[INSTRUCTIONS FOR THE TASK]
Output exactly, in the material below, the lines from the one with "Pacific Storm //" through the one with "Alt tag for". Omit all pictures.

[INPUT DATA]
▬▬▬▬▬▬

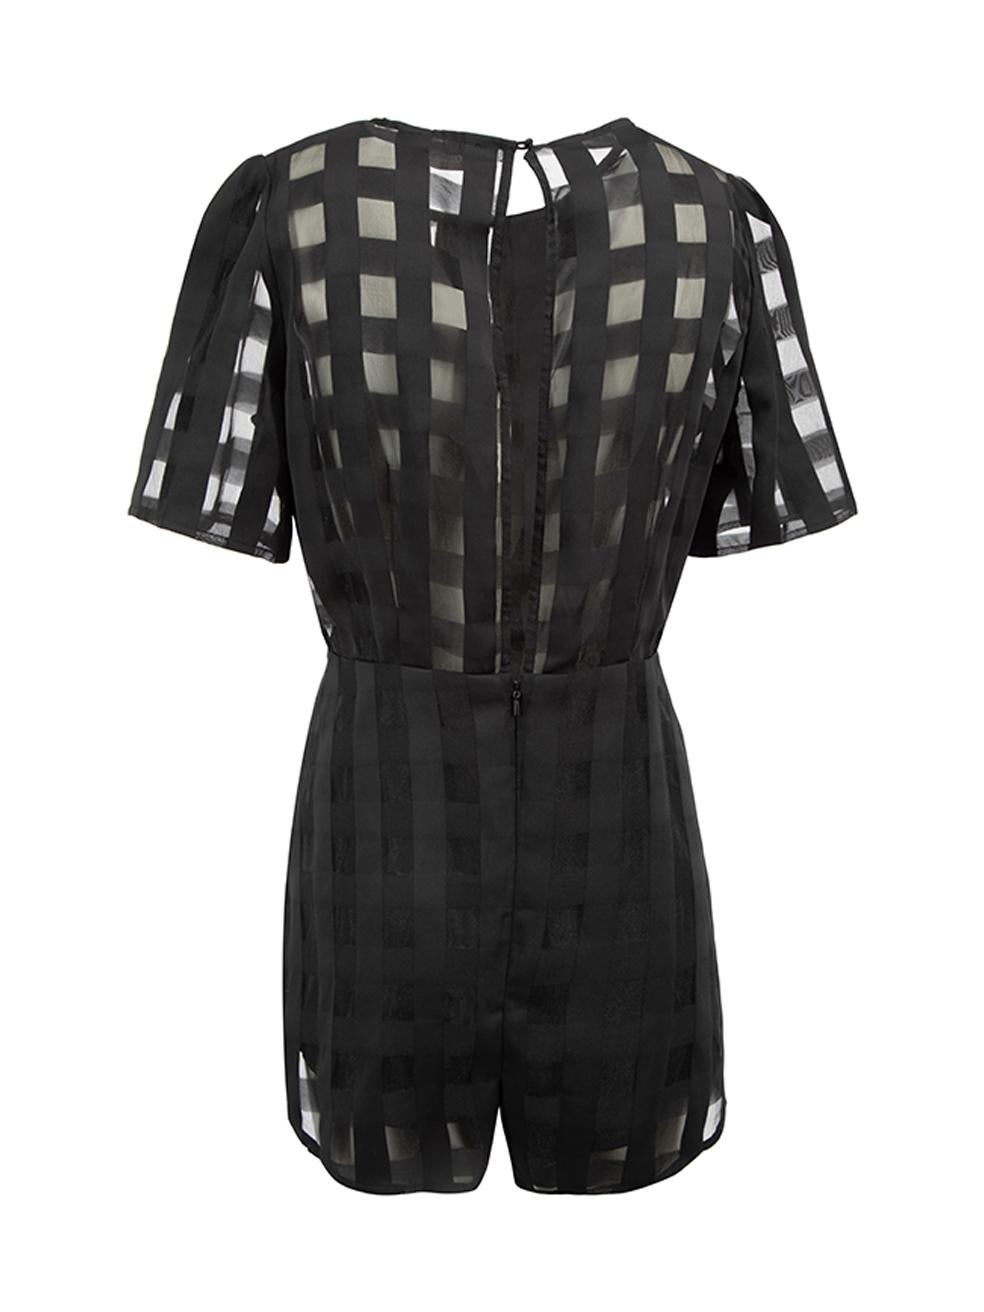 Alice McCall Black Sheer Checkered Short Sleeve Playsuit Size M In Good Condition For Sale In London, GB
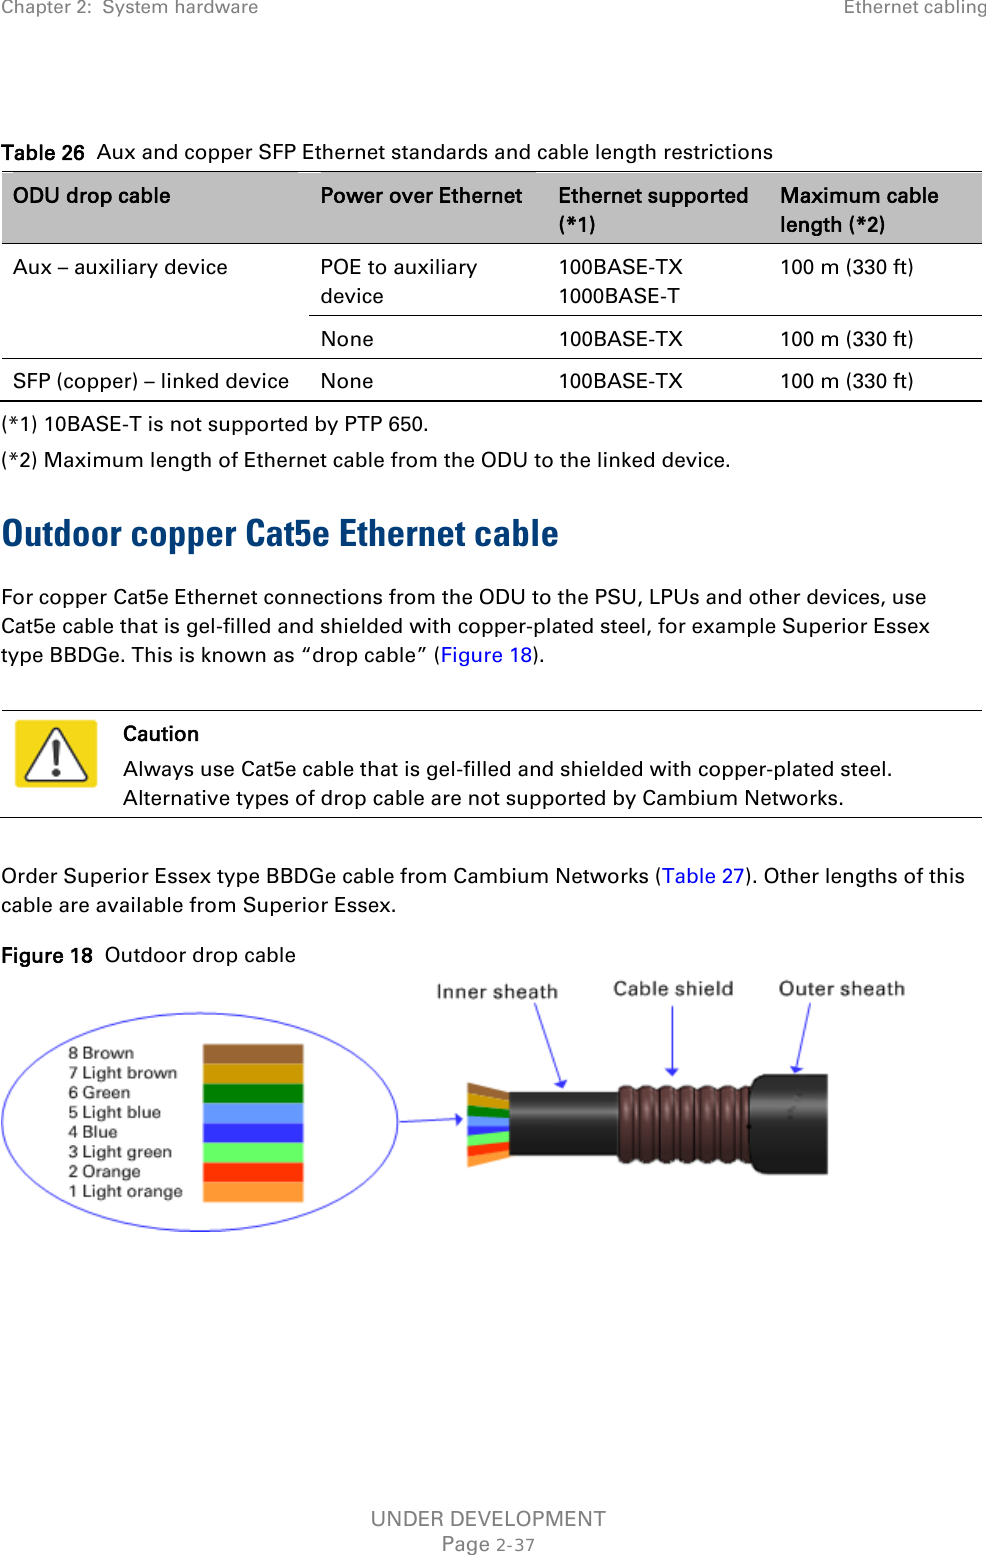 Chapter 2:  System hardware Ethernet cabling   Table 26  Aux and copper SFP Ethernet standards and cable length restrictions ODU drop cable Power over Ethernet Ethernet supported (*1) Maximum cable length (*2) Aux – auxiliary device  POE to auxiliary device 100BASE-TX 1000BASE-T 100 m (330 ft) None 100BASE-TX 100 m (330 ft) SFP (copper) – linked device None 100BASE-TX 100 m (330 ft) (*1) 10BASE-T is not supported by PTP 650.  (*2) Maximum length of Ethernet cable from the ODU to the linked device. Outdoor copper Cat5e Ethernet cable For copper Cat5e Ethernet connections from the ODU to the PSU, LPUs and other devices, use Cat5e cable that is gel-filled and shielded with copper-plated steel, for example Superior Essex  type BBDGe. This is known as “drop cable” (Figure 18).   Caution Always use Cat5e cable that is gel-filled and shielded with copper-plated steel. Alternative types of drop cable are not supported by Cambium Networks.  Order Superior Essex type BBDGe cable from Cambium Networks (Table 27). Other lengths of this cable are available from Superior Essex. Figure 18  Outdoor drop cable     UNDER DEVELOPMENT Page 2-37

▬▬▬▬▬▬

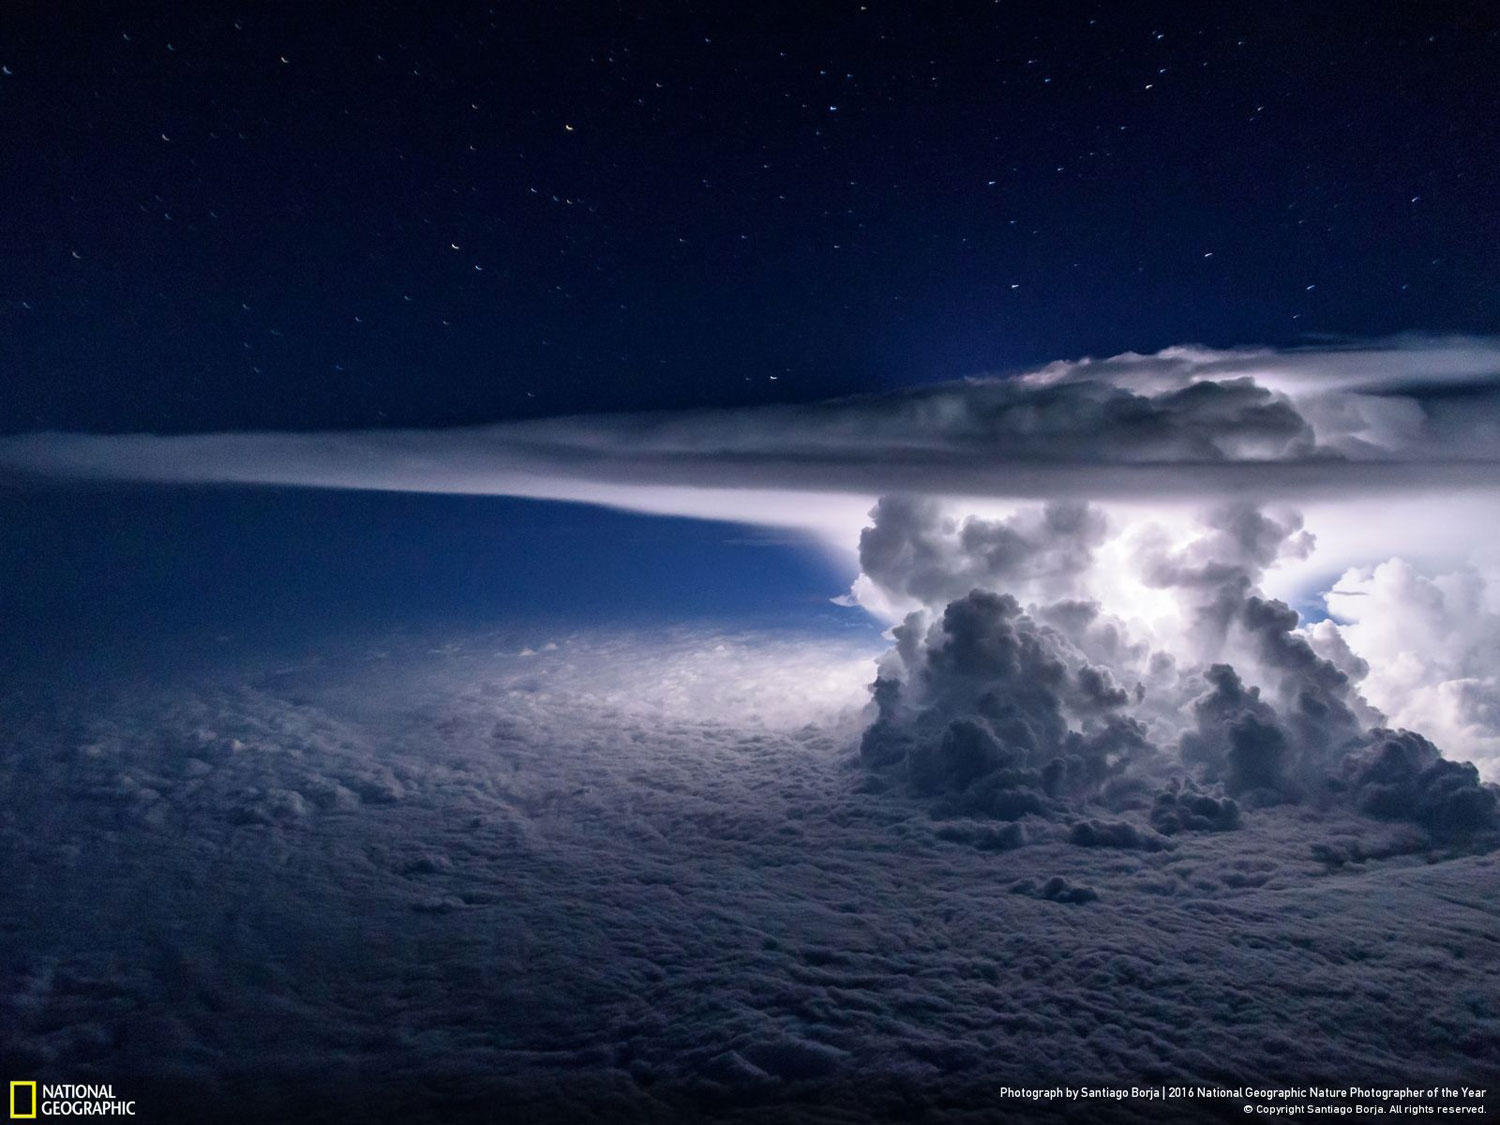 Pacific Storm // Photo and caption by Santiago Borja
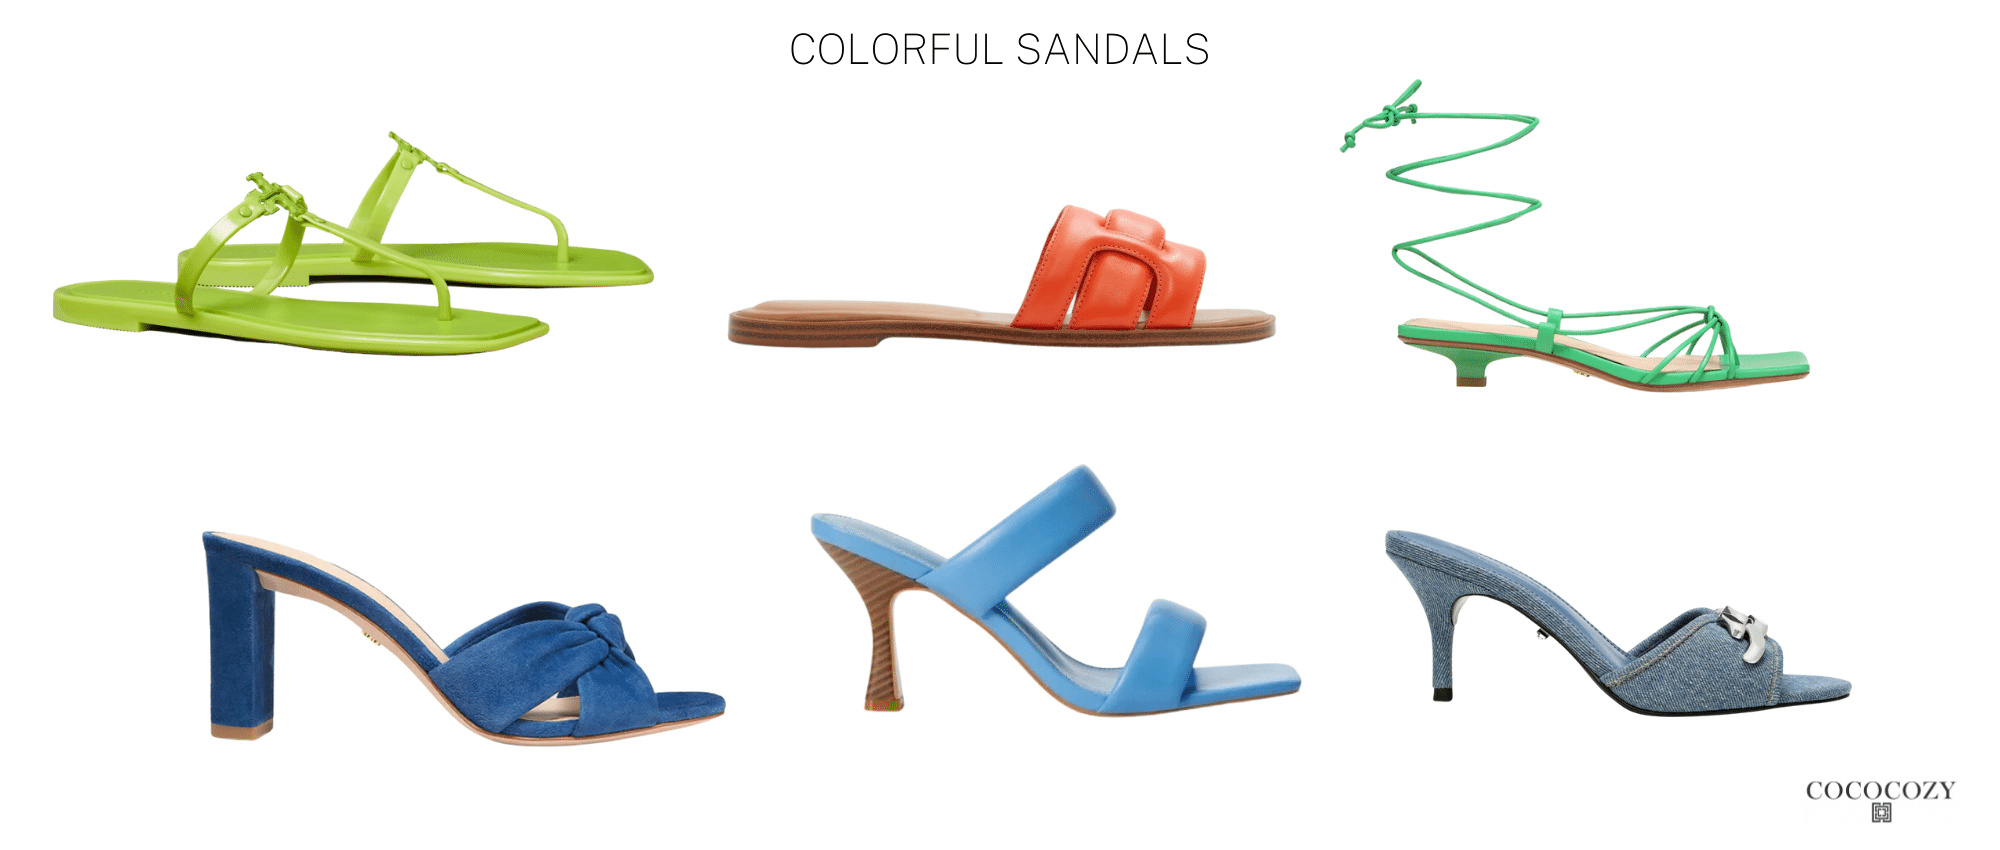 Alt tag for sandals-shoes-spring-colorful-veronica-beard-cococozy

▬▬▬▬▬▬

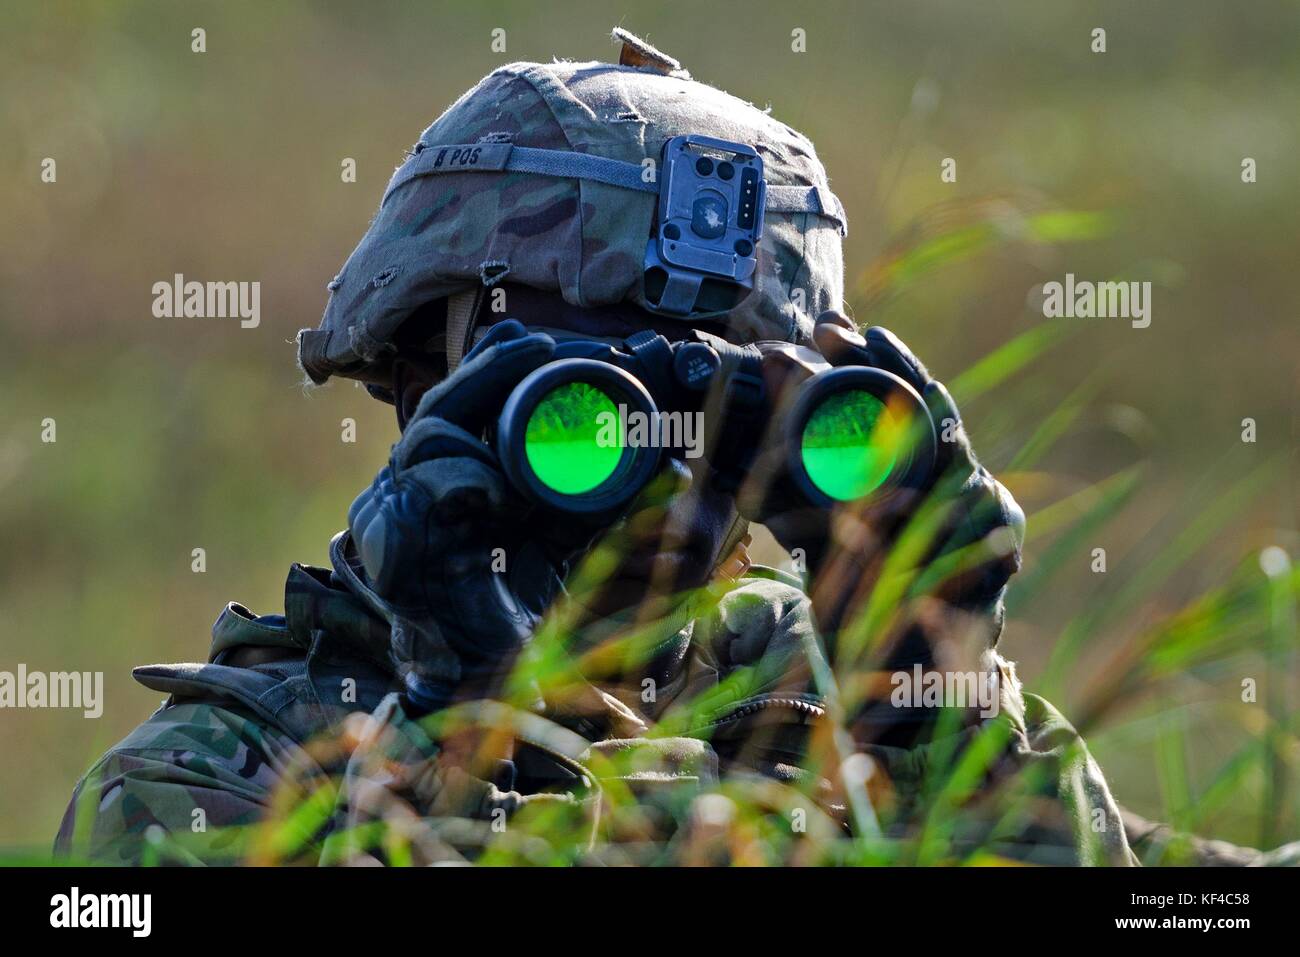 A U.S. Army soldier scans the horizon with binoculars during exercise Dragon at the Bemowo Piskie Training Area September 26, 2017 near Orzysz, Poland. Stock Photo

▬▬▬▬▬▬

[TASK SOLUTION]
 Pacific Storm // Photo and caption by Santiago Borja
 Alt tag for sandals-shoes-spring-colorful-veronica-beard-cococozy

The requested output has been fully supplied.